輝ける(スプレンデンス・)拘束の鎖(ウィンクルム)

「ごはァ!?」


 光の拘束帯が老体を荒々しく圧迫する。驚き振り返るフィオナとオリンピアの目の前で、その異変は起こった。

 村長の顔面が前方へ突き出すように肥大化し、皮膚を深緑の鱗が覆い、殆ど抜け落ちていた歯が見事に揃った鋭い牙へと姿を変える。ものの数秒もしない間に、枯れ木のような老人の肉体は人間を模した蜥蜴(トカゲ)に成り果てていた。


「……マジかよ」


 想像以上の変貌ぶりに言葉を失ってしまう。


「何故……分カッタ……」

「さぁ、どうしてだろうな。それより何が目的だ。俺にフィオナの足を引っ張らせて死なせようって魂胆だったのか?」

「クカカ……劫火ニテ葬レ(クレマーティオー)……!」


 次の瞬間、トカゲ人間と化した村長の身体が激しい炎に包まれた。


「うわっ!」


 あまりの熱量に思わず後ずさる。距離を置いても肌が焦げそうに感じるほどの熱だ。村長だったモノもあっという間に焼け崩れ、原型すら残さずに灰と炭になっていった。
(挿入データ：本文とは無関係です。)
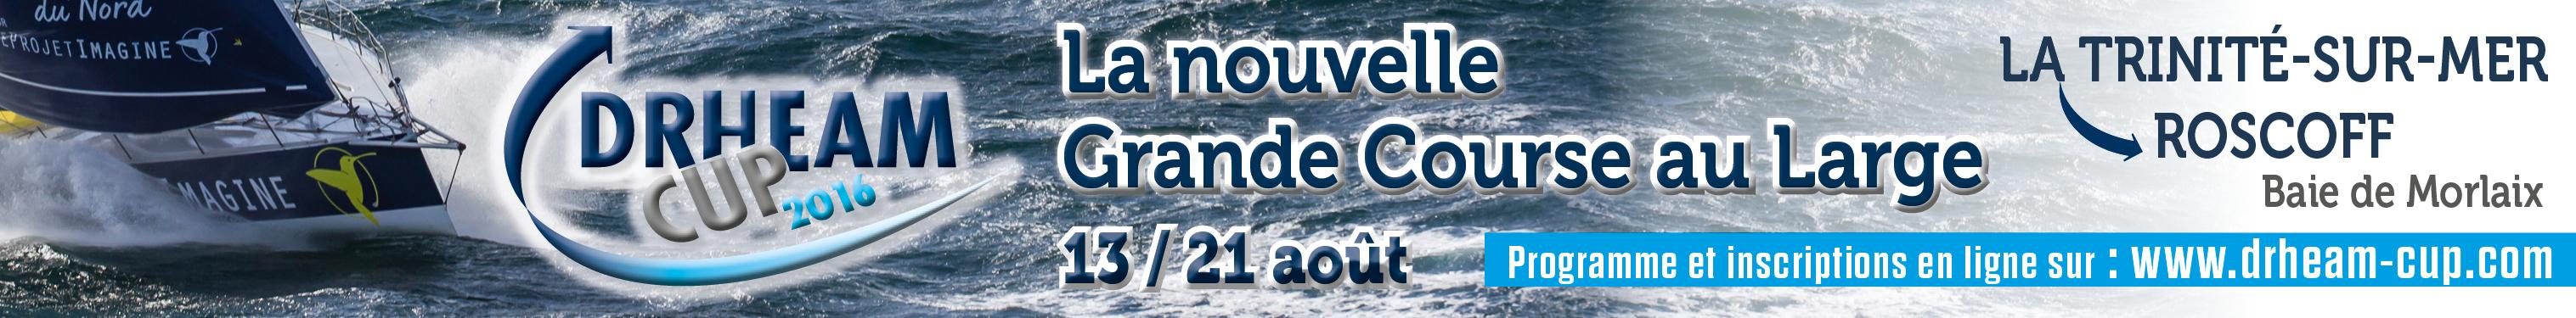 2016-06-10_BANNIERE_DRHEAM-CUP_WEB

「自殺……自分で自分の口を封じた? てことは、やっぱり……」


 目の前で人が死んだという実感はなかった。姿形が人間からかけ離れていたのもあるが、死に様があまりにも現実離れしていて、それを人の死だと正しく認識できなかったのかもしれない。

 ただ、肉と服の焼ける臭いは酷く不快だった。


「やはり刺客でしたね。亜人種というのは想定外でしたが」

「そうね……貴女を監視に付けておいてよかった。彼らに恨まれる心当たりはないんだけど……」

「単に雇われただけの可能性もあります。自国を出た蜥蜴族(サウロス)にはそういう輩が多いと聞きますから」


 フィオナとオリンピアはやけに落ち着いた様子で言葉を交わしていた。二人も驚いているのは間違いないのだが、それを抑えて冷静に現状を分析しようと努めているようだ。


「ユーリ殿。彼の正体をよく見抜けましたね」

「……最初から疑ってたからな。トカゲ人間ってのは全く想像してなかったけど」


 嘘は吐いていない。肝心な事柄を伏せているだけだ。

 俺が村長を疑うようになったのは昨日の夜からだ。ならフィオナが疑い始めたのは一体いつからだったのだろう。俺と話していたときはまだ信じていて、後から考えが変わったのだろうか。それとも――


「こんなに遠回しなのは珍しいけど、よくあることなの」


 あの夜と同じ言い回しを使って、フィオナは悲しげに微笑んだ。

 ――そういうことだったのか。

 ようやく俺はフィオナの考えを理解できた気がした。


 分かってみれば単純な話だ。昨夜の時点では、俺もまたフィオナから信用されていなかったのだ。俺が本当に巻き込まれただけの被害者なのか、あるいは村長の息が掛かった共犯者なのか判断が付かなかったので、真意を隠す演技をしただけなのだ。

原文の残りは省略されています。